### About this task
List each line of the data that holds the string "Louis", please.
---*---
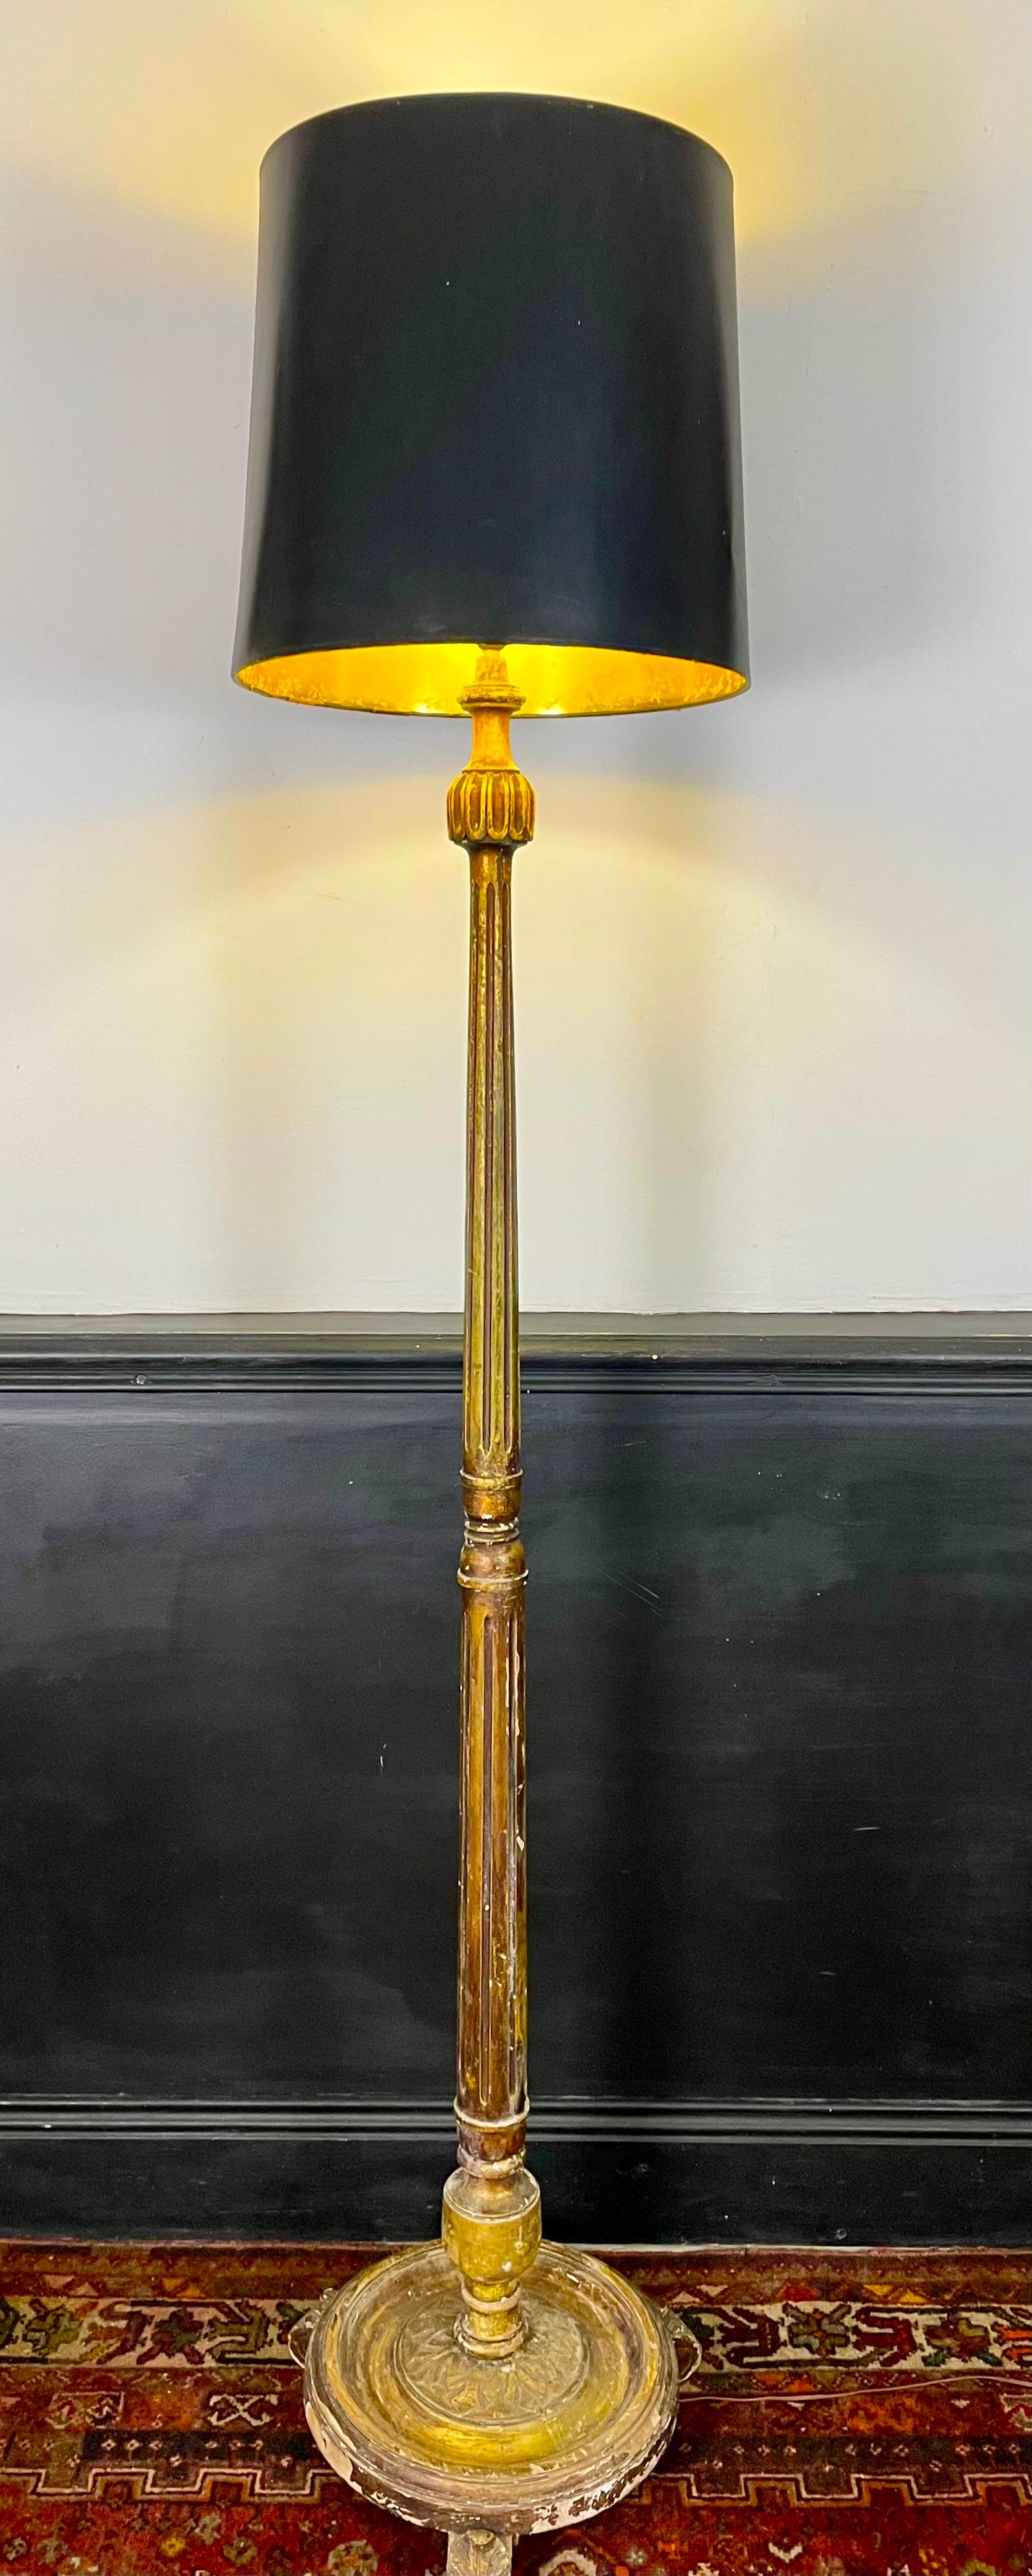 Floor lamp.
Lamp base in fluted and gilded wood, Louis XVI style.
Early XXth.
Very decorative.
French work
Provenance: Castle in France

The Louis XVI style was born in France and was exported throughout Europe and then the whole world.
The
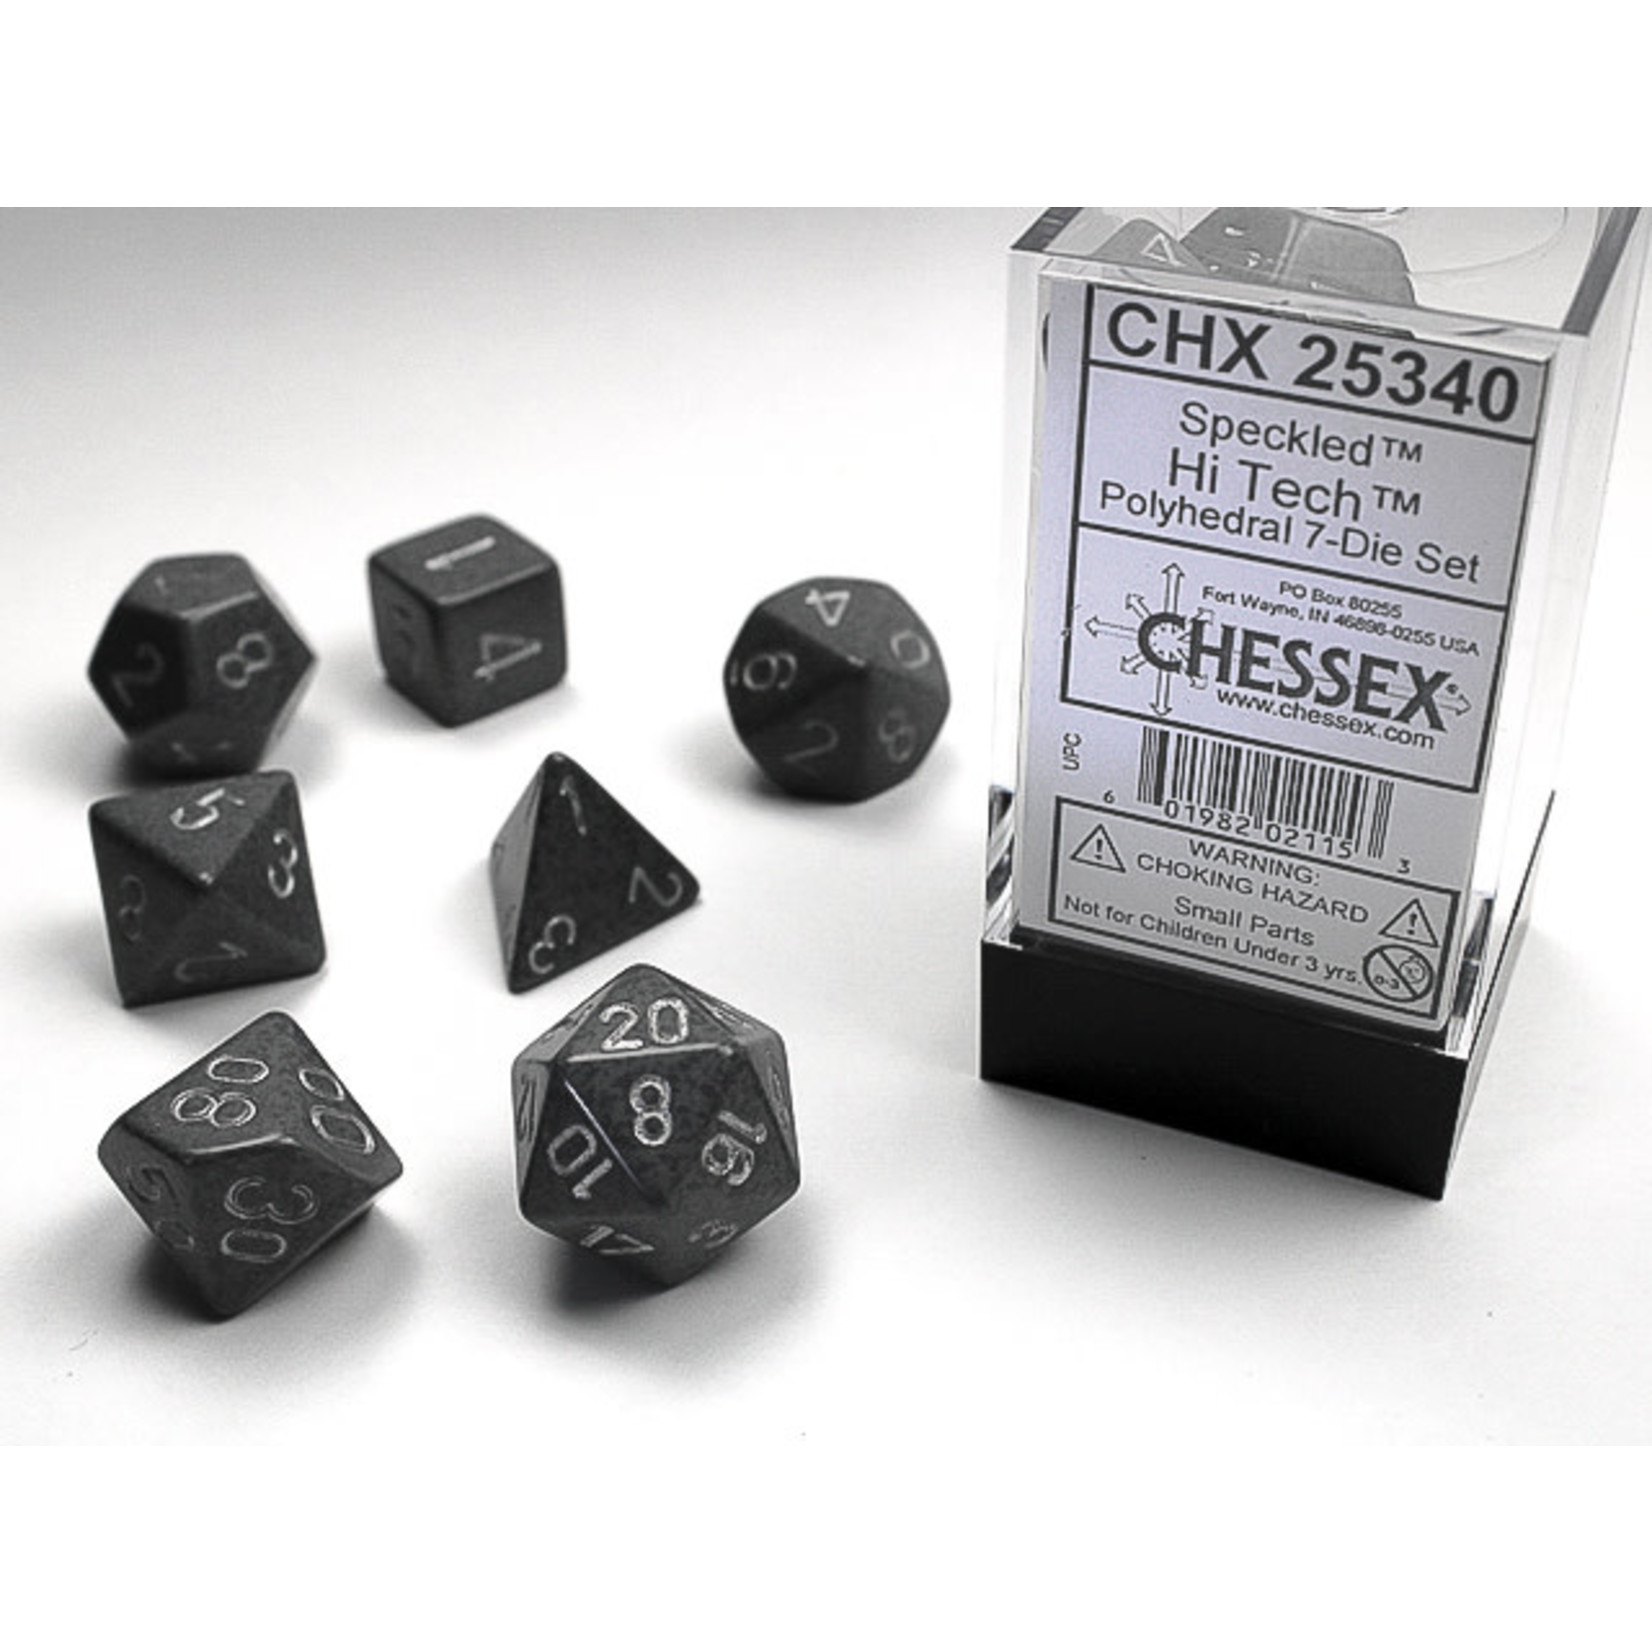 Chessex Dice RPG 25340 7pc Speckled Hi-Tech
---*---
### Response area
Lamp base in fluted and gilded wood, Louis XVI style.
The Louis XVI style was born in France and was exported throughout Europe and then the whole world.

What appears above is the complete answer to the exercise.